Они пожали друг другу руки, Хильман пожелал Петеру дотянуть до конца, а Петер не нашелся что пожелать в ответ, и Хильман усмехнулся понимающе, ткнул его кулаком в плечо, повернулся и пошел обратно — по направлению к лагерю. Он отошел на несколько шагов и исчез. Не то растворился в тумане, не то просто сделался невидим. И Петер, еле переставляя ноги, поплелся к своим. Он тащился, сгибаясь под тяжестью сегодняшнего дня, и больше всего ему хотелось сейчас упасть и никогда уже больше не подниматься, но встречи, отпущенные ему судьбой на этот путь, еще не все состоялись, и вскоре сверху его окликнул очень знакомый голос, и Петер, наверное, просто ждал подспудно, что этот голос когда-нибудь окликнет его, потому что не удивился, не обрадовался и не испытал вообще никаких эмоций, а просто сказал:
— Я к тебе туда не полезу. Спускайся, и поговорим, если хочешь.
Сверху упала веревка, и по веревке ловко, как большая грязно-зеленая обезьяна, спустился Баттен.
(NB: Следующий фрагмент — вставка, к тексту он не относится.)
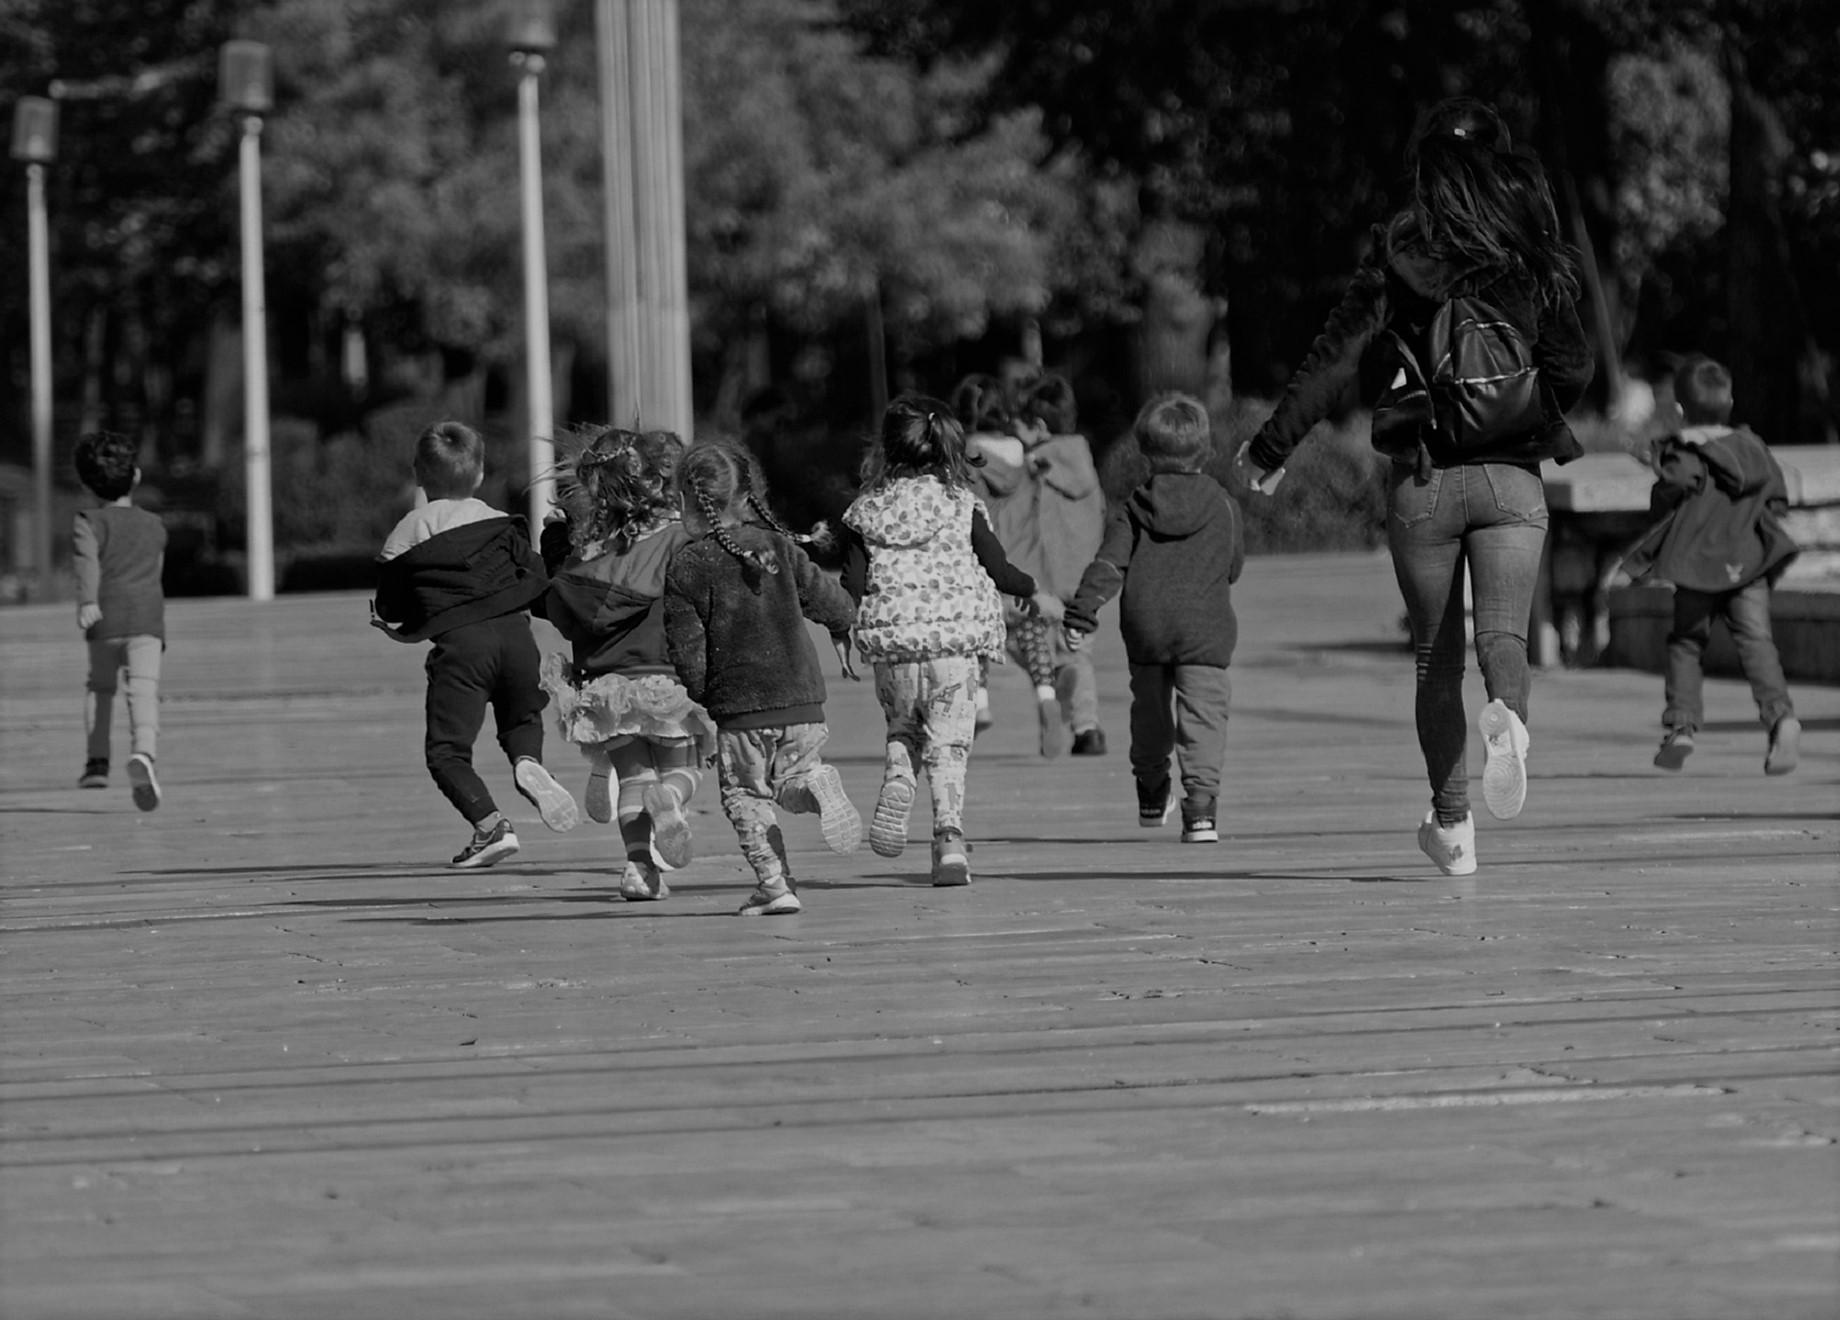 bvvp Unterstützung für Kinder und Jugendliche in der Pandemie gefordert:

— Привет, — сказал Баттен добродушно, но взгляд его был настороженный: а как воспримет бывшее начальство появление блудного техника?
— Решил отлежаться? — хмуро спросил Петер. — Умнее всех хочешь быть?
— Всех-то не получится, — сказал Баттен. — Как, например, умнее генерала можно оказаться? Но, в меру сил и способностей…
— Тебе чего нужно? — спросил Петер. — Ты говори, а то я не могу — устал, как не знаю кто.
— Холодает, — сказал Баттен.
— Ладно, — сказал Петер, — придумаю что-нибудь.
— Придумай пару бочек солярки, — сказал Баттен. — Жратвы мне на полгода хватит, а вот если морозы…
— Заскучаешь за полгода-то, — сказал Петер.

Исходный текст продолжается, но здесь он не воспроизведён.